Research & Papers

MotionMERGE unifies fine-grained human motion editing and reasoning in one LLM framework

837K atomic triplets enable localized body part control with chain-of-thought reasoning

Deep Dive

MotionMERGE is a new unified framework from researchers at multiple institutions that tackles the fundamental granularity gap in human motion-language models. Existing systems operate at a coarse level, lacking the fine-grained control over specific body parts and temporal sequences needed for animation or interactive applications. MotionMERGE addresses this by explicitly modeling motion at both part-level and temporal granularity within a single large language model (LLM), endowing it with robust priors for precise, localized control.

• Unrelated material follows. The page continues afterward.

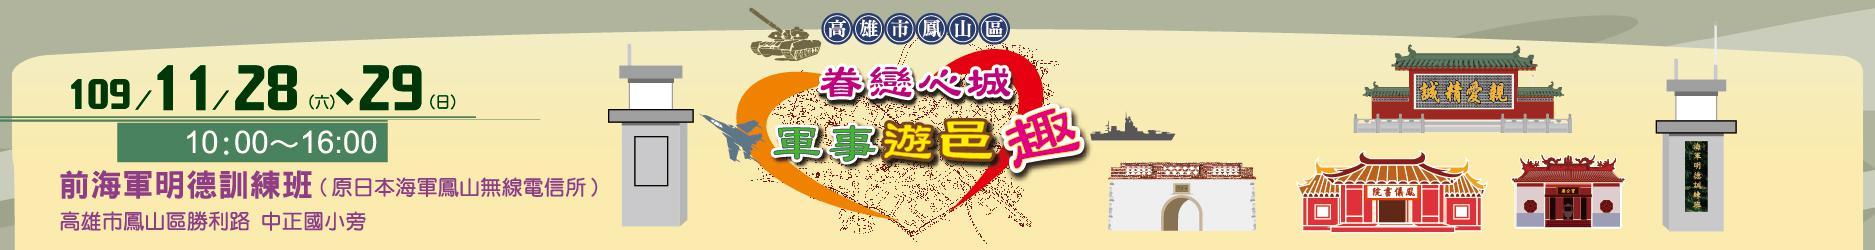 2020鳳山眷戀心城
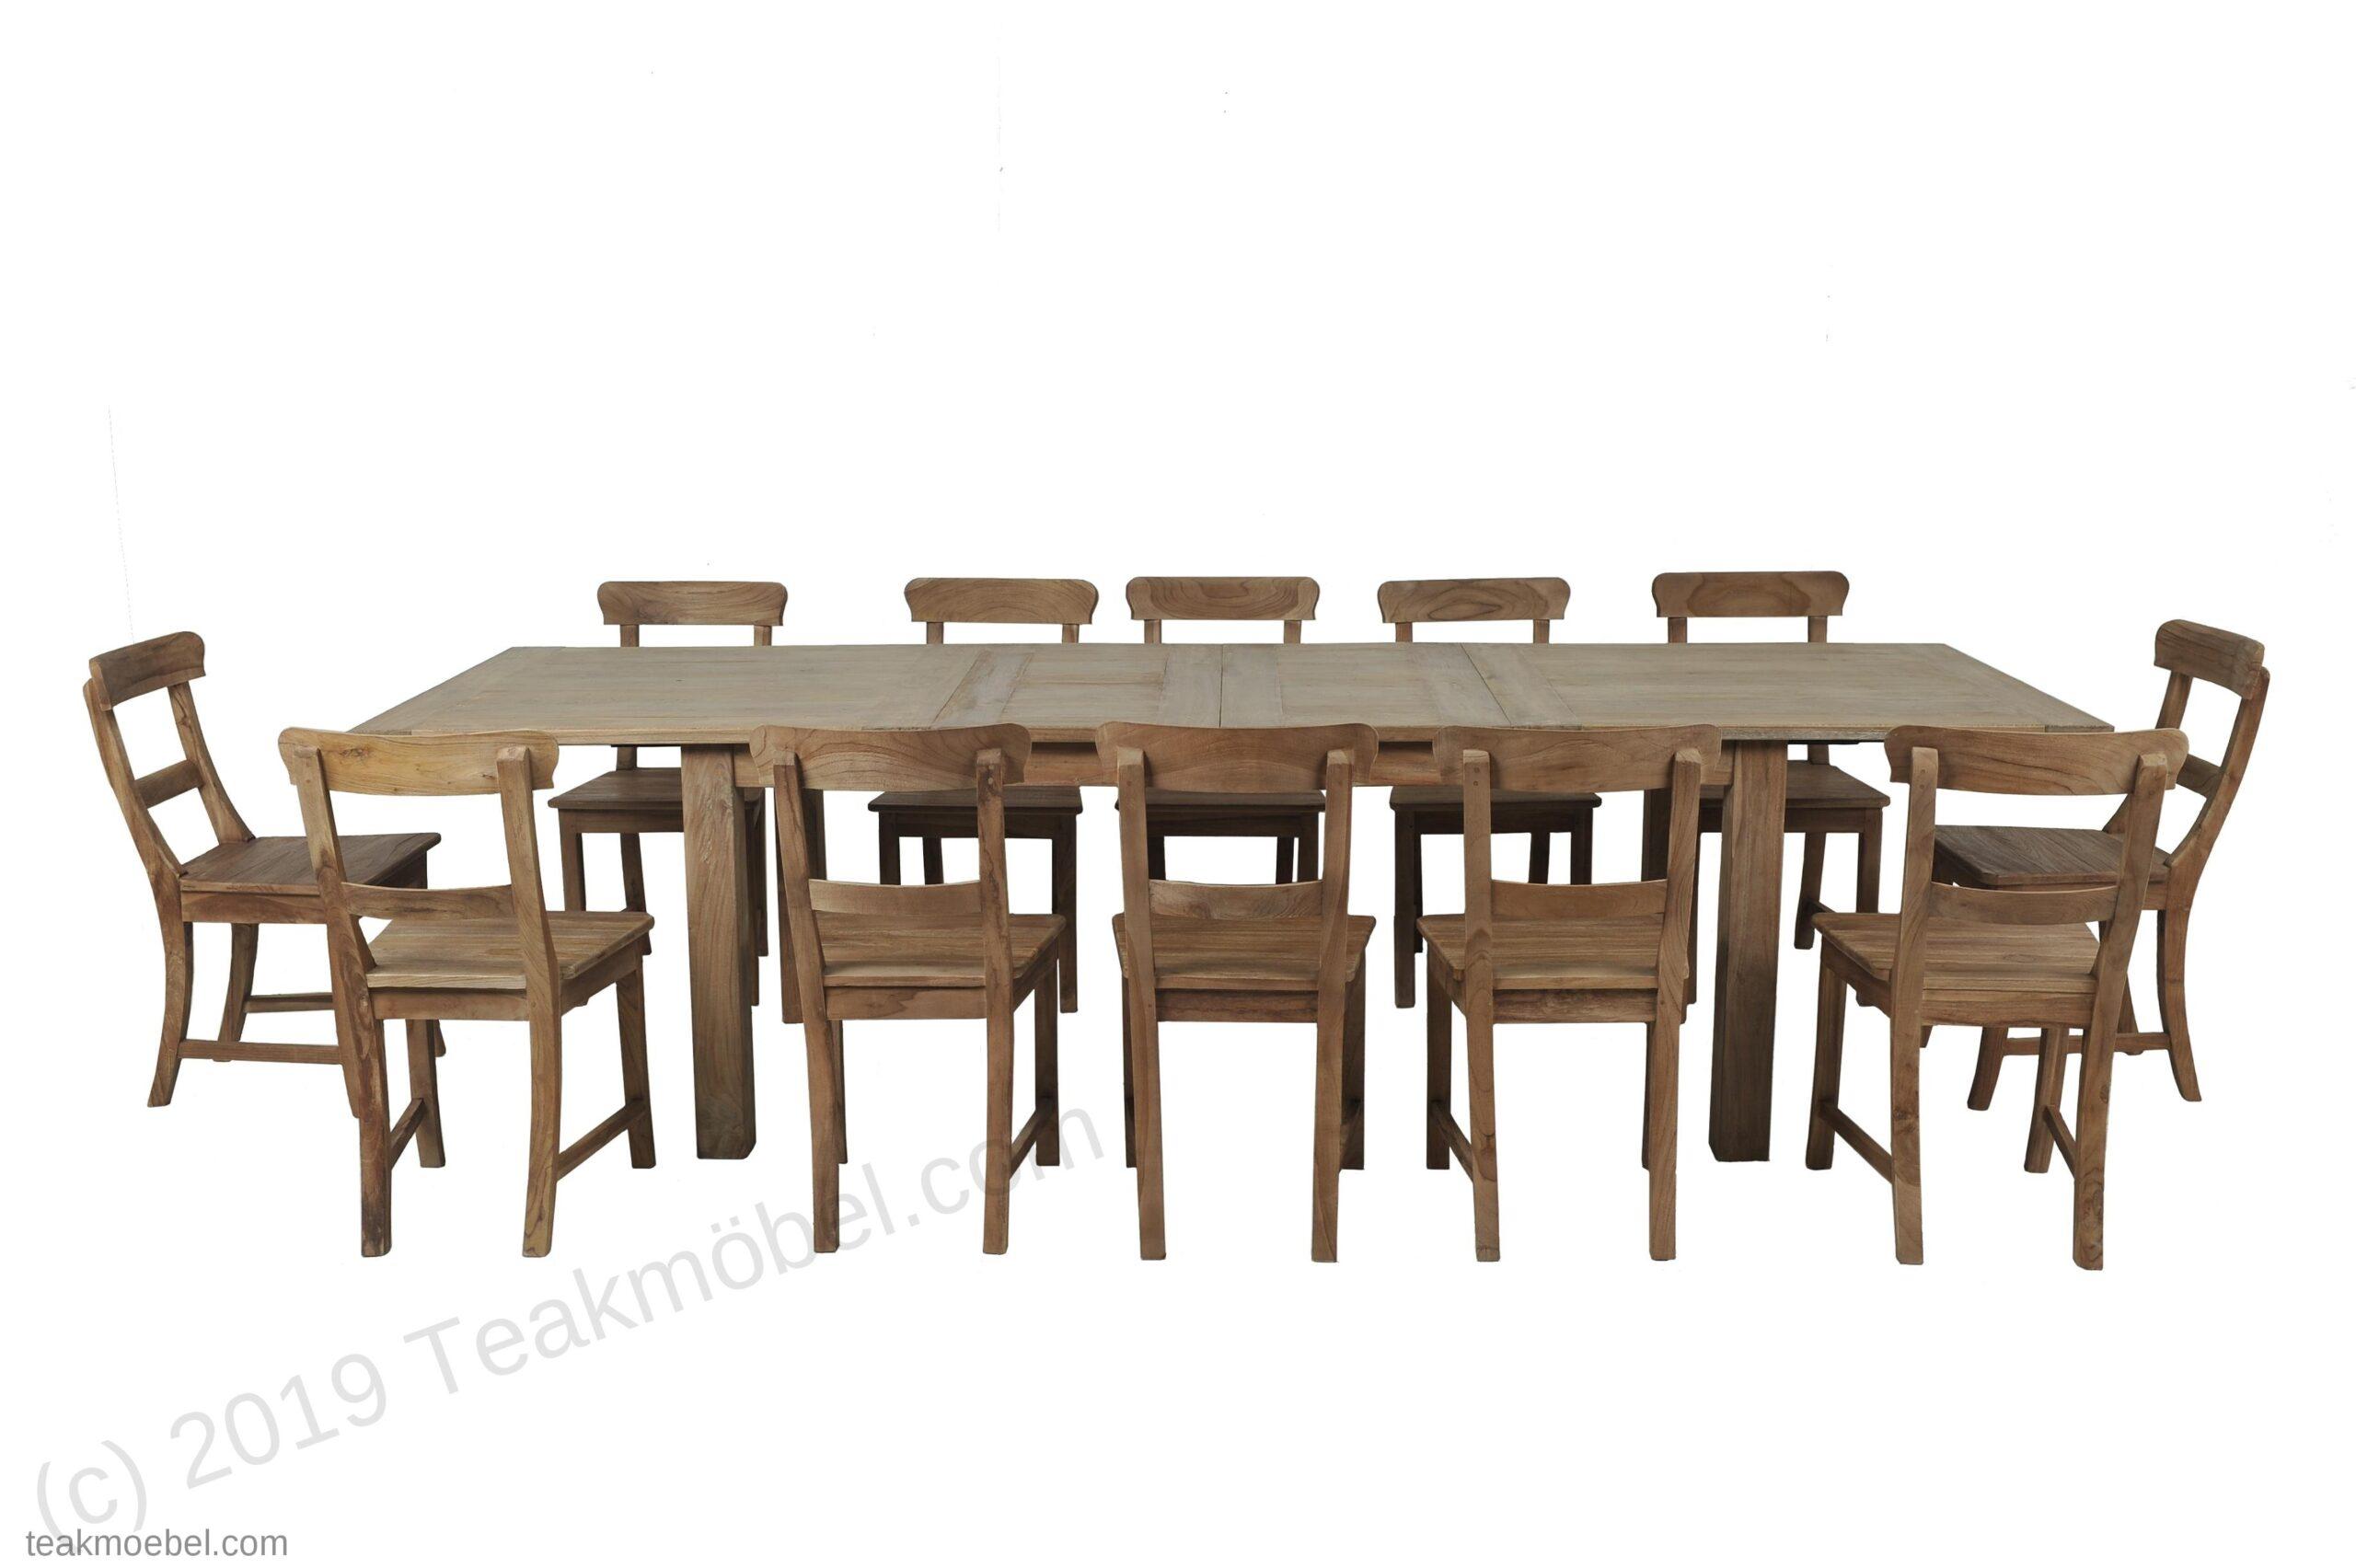 Full Size of Stühle Esstisch Weißer Rund Mit Stühlen Rustikal Groß Holz Holzplatte 160 Ausziehbar Massiv Landhaus Esstische Stühle Esstisch

The framework introduces a novel Reasoning-Aware Granularity-Synergy pre-training strategy that jointly supervises cross-granularity alignment, temporal grounding, localized alignment, motion coherency, and motion-grounded chain-of-thought (CoT) reasoning. To support this, the team curated MotionFineEdit, a large-scale dataset containing 837K atomic triplets and 144K complex triplets — the first to include fine-grained spatio-temporal corrective instructions and motion-grounded CoT annotations. Extensive experiments demonstrate MotionMERGE's superior performance in motion generation, understanding, and editing, as well as compelling zero-shot generalization to other complex motion tasks, marking a significant step toward human-like motion interaction.

Key Points
  • MotionMERGE models motion at part-level and temporal granularity within a single LLM, enabling localized editing and detailed understanding of body parts.
  • The Reasoning-Aware Granularity-Synergy pre-training strategy jointly optimizes cross-granularity alignment, temporal grounding, and chain-of-thought reasoning.
  • MotionFineEdit dataset (837K atomic + 144K complex triplets) is the first to provide fine-grained spatio-temporal corrective instructions and motion-grounded CoT annotations.

Why It Matters

Brings precise, reasoning-driven motion control to LLMs, unlocking new possibilities for animation, VR, and human-robot interaction.